Real adapters from our shop that fit this lens mount.

Standard · ฿890 · Out of stock

Minolta MD Lenses to Canon EOS R Mount Camera Adapter

Standard · Out of stock

Minolta MD Lenses to Nikon Z Mount Camera Adapter

Standard · Out of stock

Sources (1)

LLM generated secondaryAI

The Minolta 135mm f/4 with 12 aperture blades represents one of the earliest telephoto offerings from Minolta's MD mount era, tracing its lineage back to the SR-mount designs of the 1960s. This lens was part of Minolta's strategy to offer a more compact and affordable alternative to the faster 135mm f/2.8 optics. The 12-blade aperture was a deliberate engineering choice that Minolta employed in several of their earlier telephoto designs, prioritizing smooth bokeh rendition over manufacturing cost savings.
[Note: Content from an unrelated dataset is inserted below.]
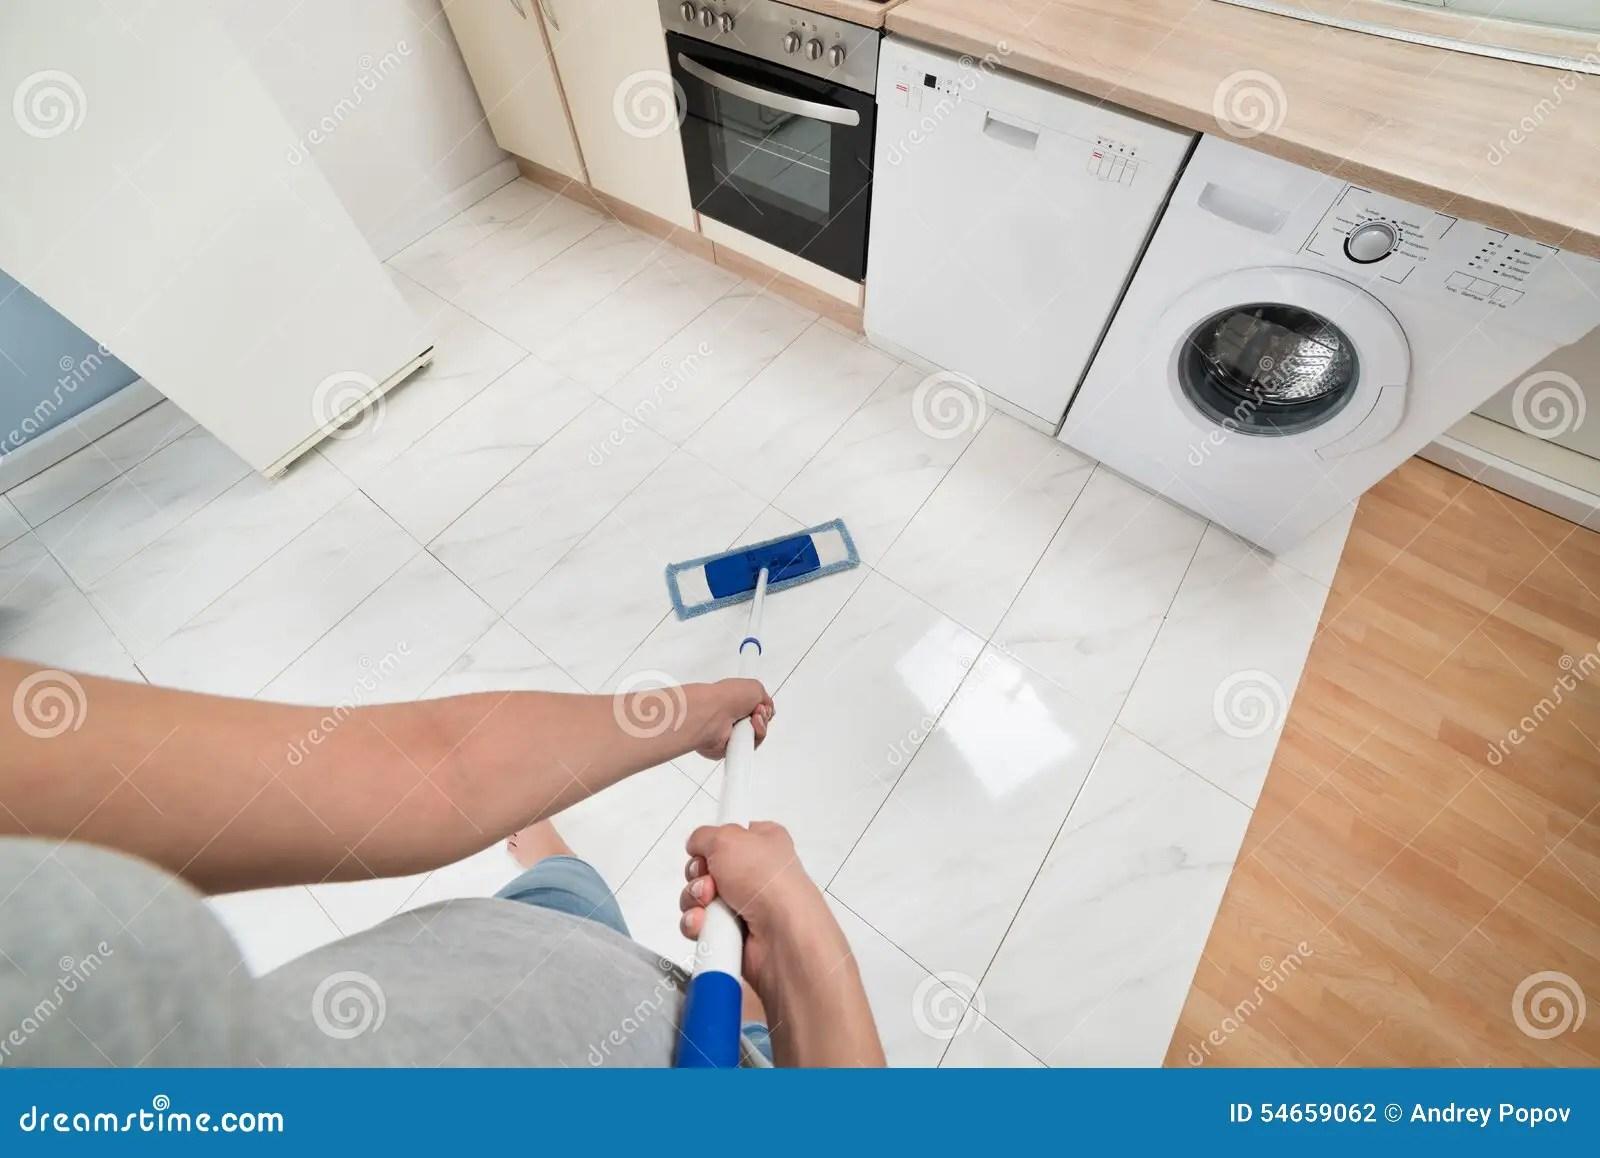 kitchen floor renovation calculator 妇女清洁厨房地板库存照片 图片包括有清理 厨房 差事 国内 拖把 妇女清洁与拖把的厨房地板特写镜头
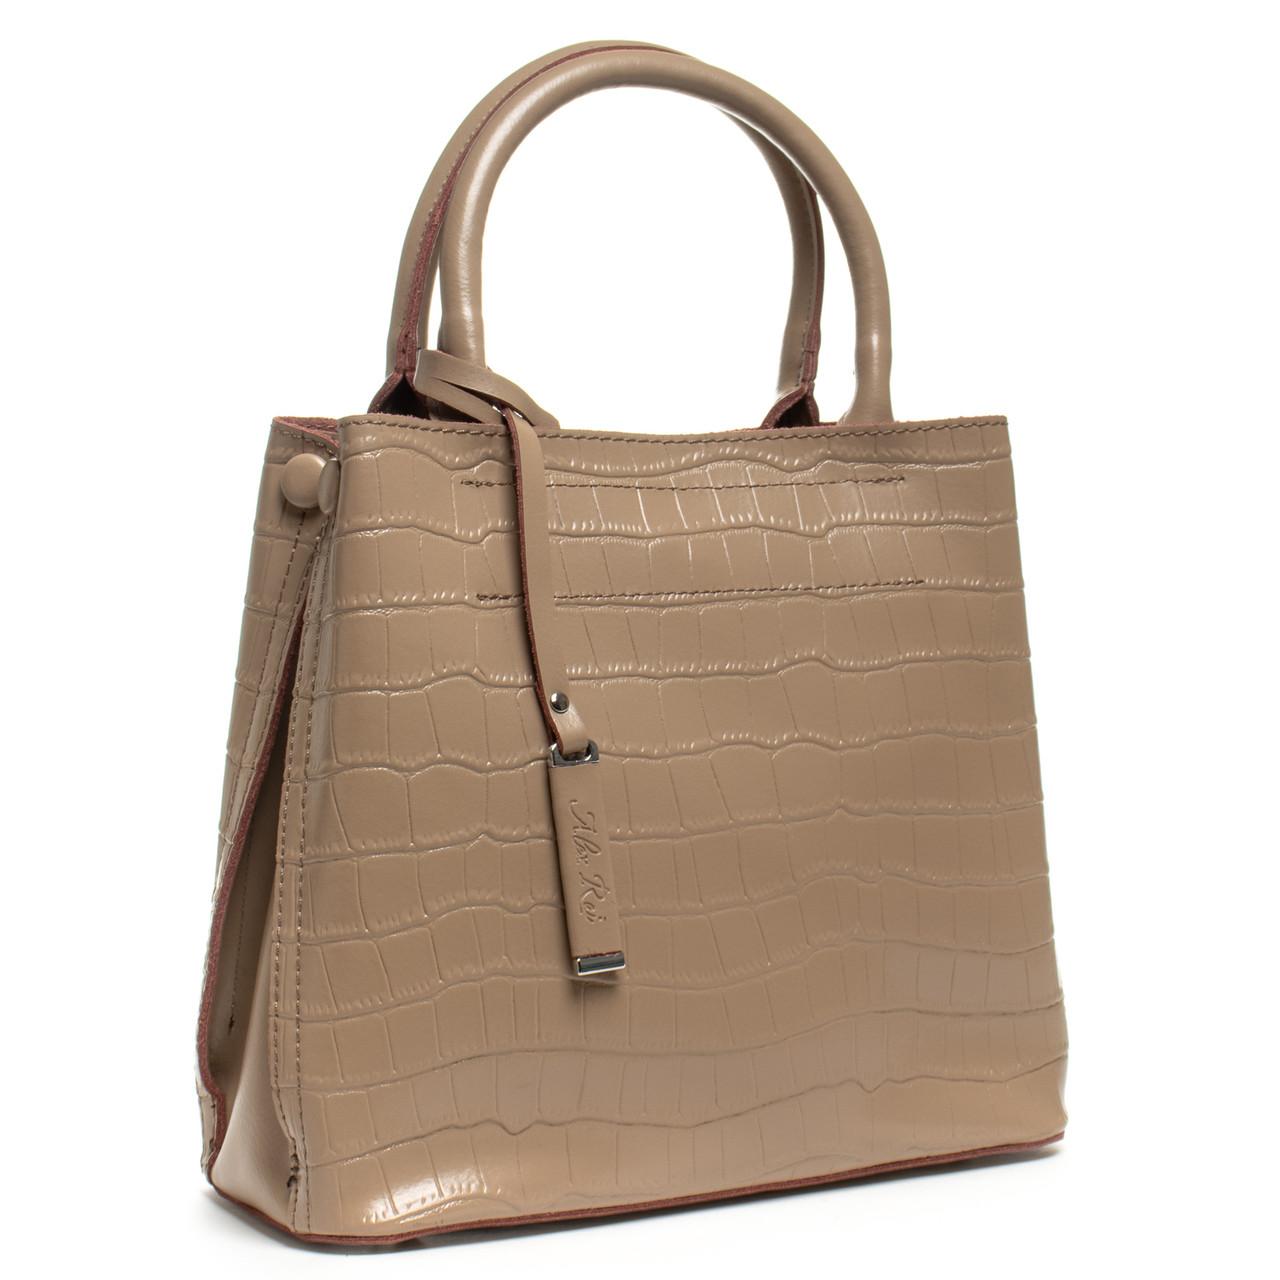 Стильна сумка жіноча шкіряна ALEX RAI різні кольори

While this lens never achieved the cult status of its faster siblings or the legendary Rokkor-X variants, it developed a quiet following among portrait photographers who discovered its exceptional out-of-focus rendering. The 12-blade configuration was eventually phased out in favor of 6-blade designs as Minolta streamlined production, making these early versions increasingly sought after by bokeh enthusiasts. This lens represents the tail end of an era when Japanese manufacturers still prioritized mechanical refinement over cost optimization, resulting in a build quality that exceeded its modest specification sheet.